-- INPUT DATA follows --

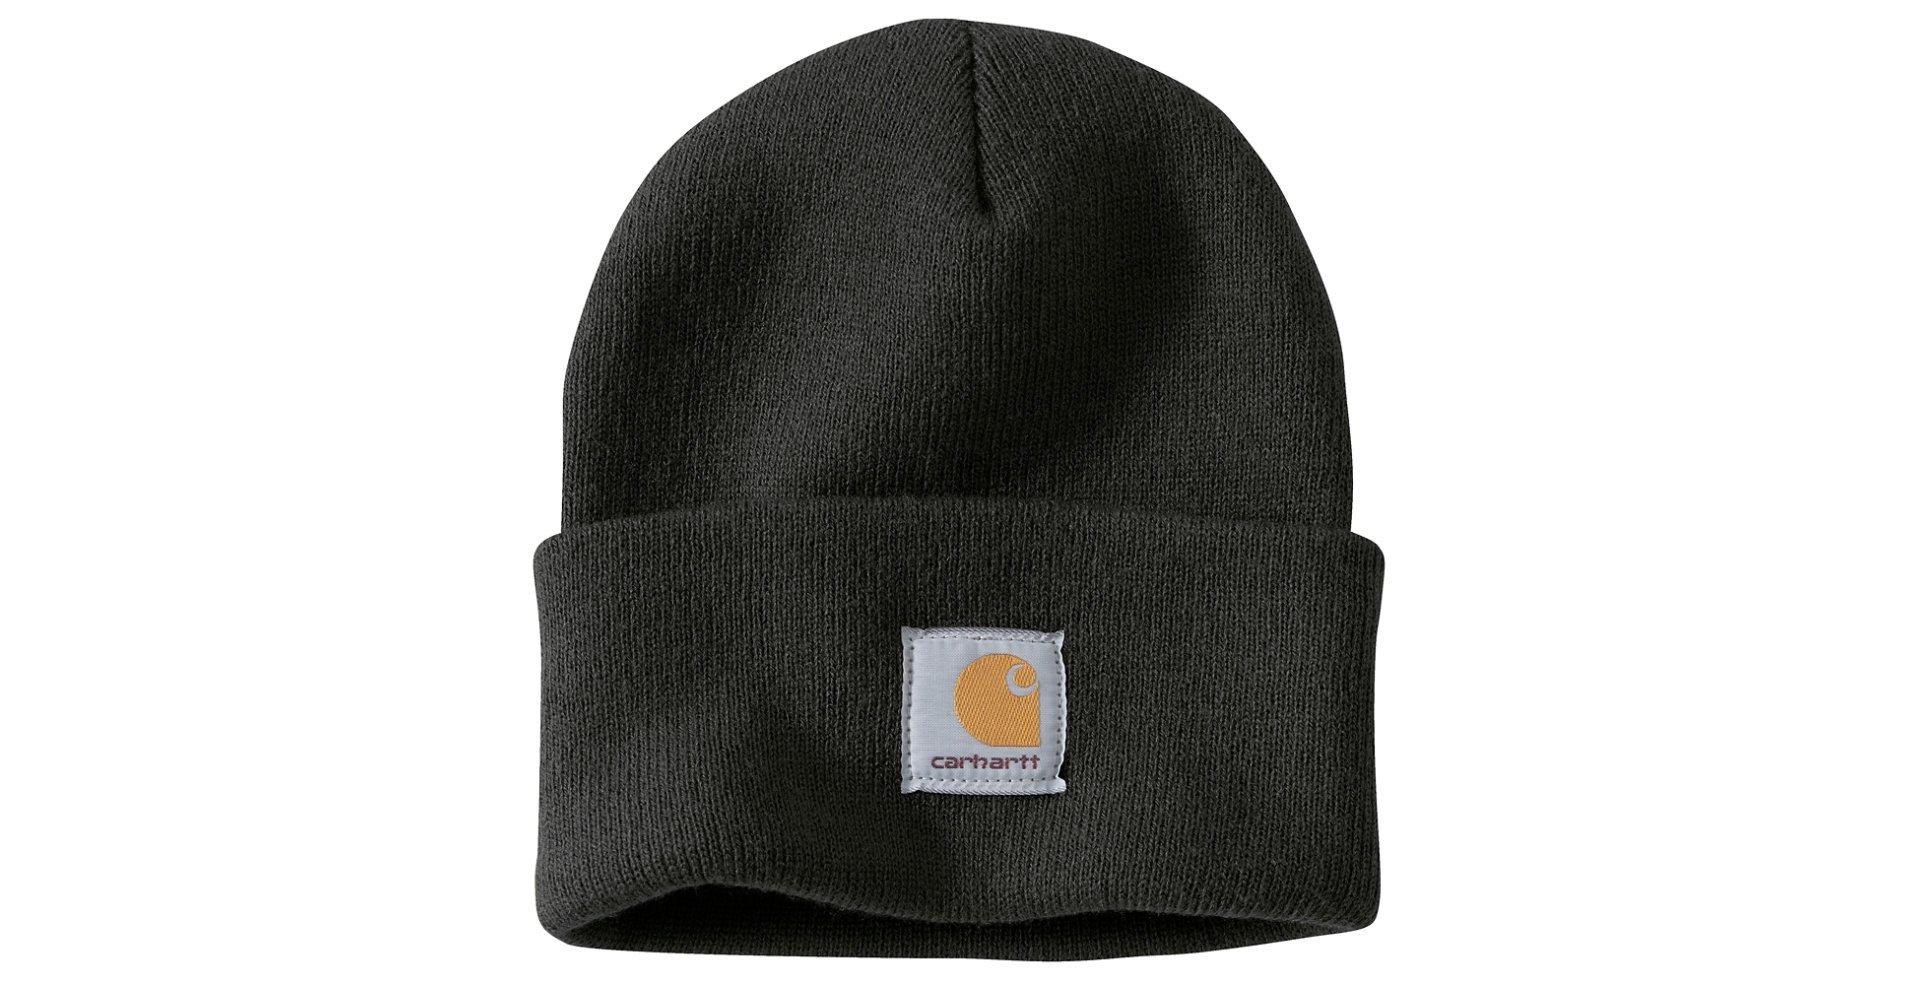 Carhartt A18 Beanie - Cappello invernale 98bff11ebe4c
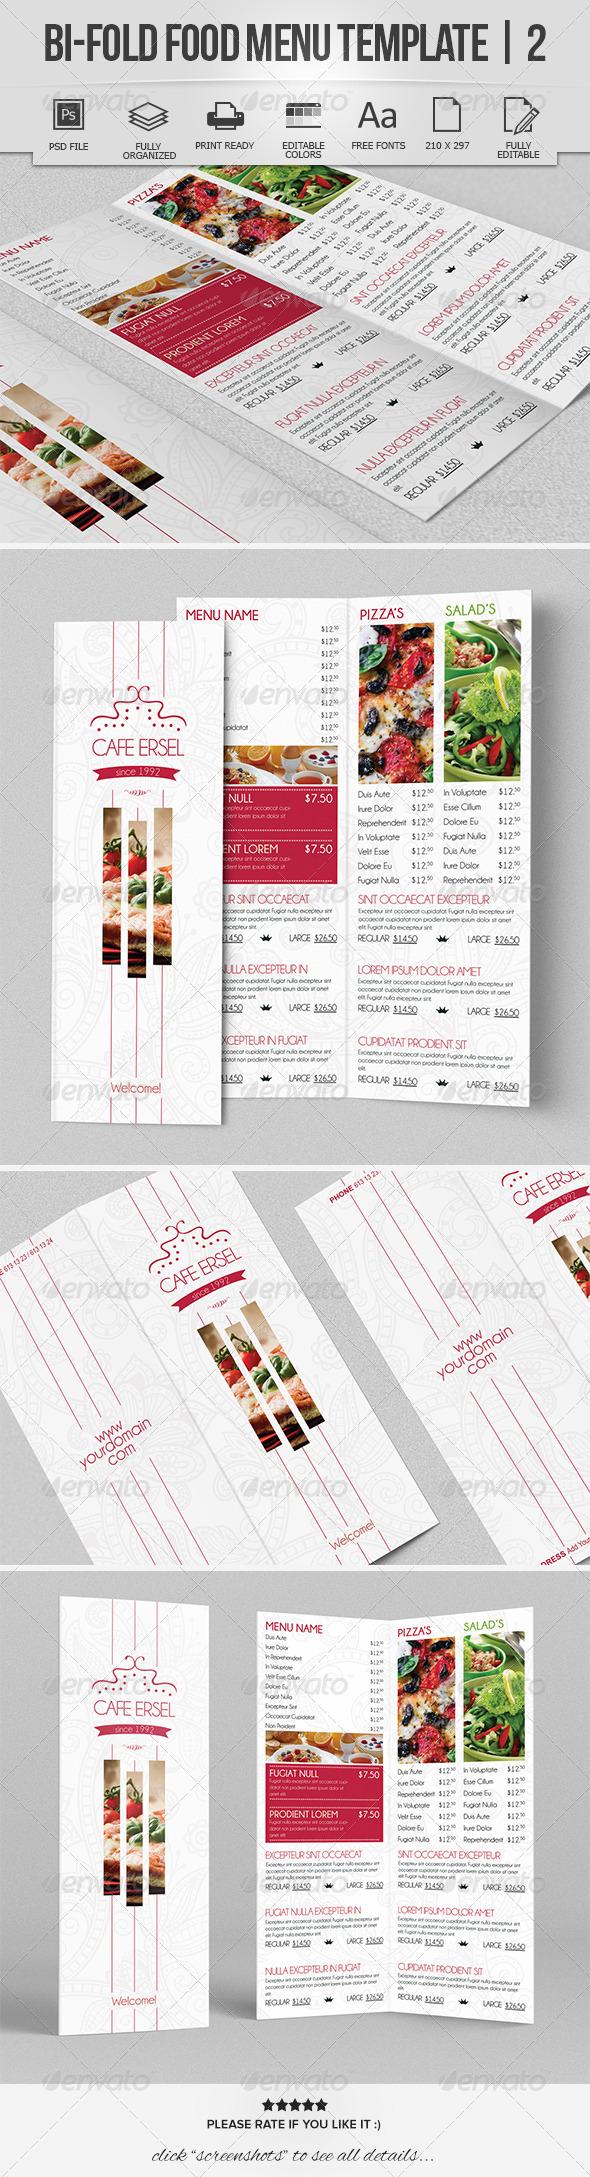 GraphicRiver Bi-Fold Food Menu Template 2 7666471
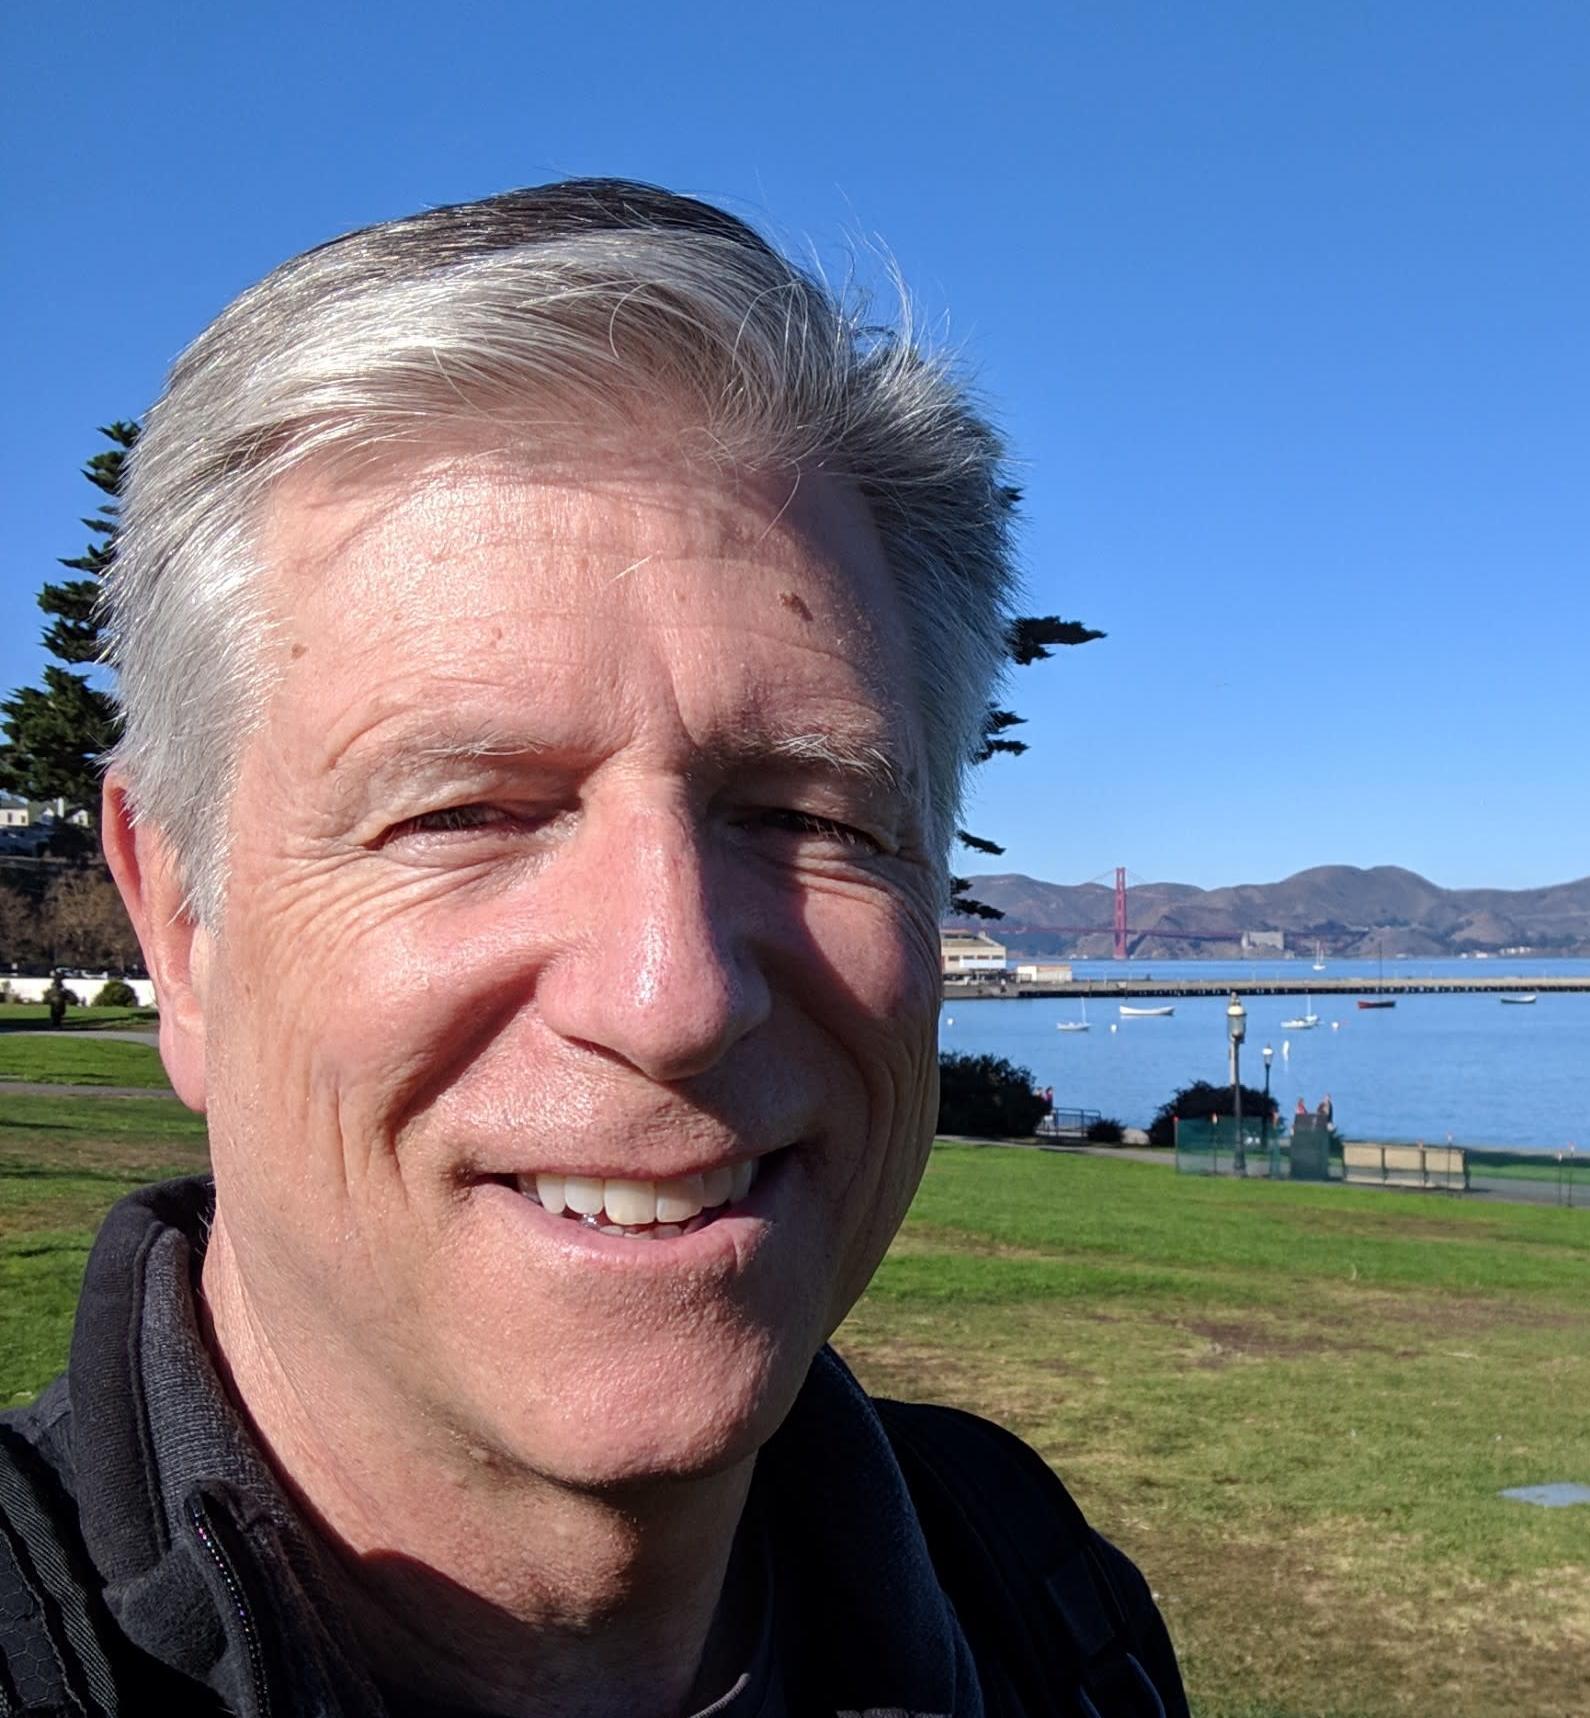 James 'Jim' Miller, MegaMicroFlo.com

-- INPUT DATA concluded --

WORK ITEM:
Omitting all pictures, give the preceding listing again exactly.

SOLUTION FOR THIS EXERCISE:
 Carhartt A18 Beanie - Cappello invernale 98bff11ebe4c
 GraphicRiver Bi-Fold Food Menu Template 2 7666471
 James 'Jim' Miller, MegaMicroFlo.com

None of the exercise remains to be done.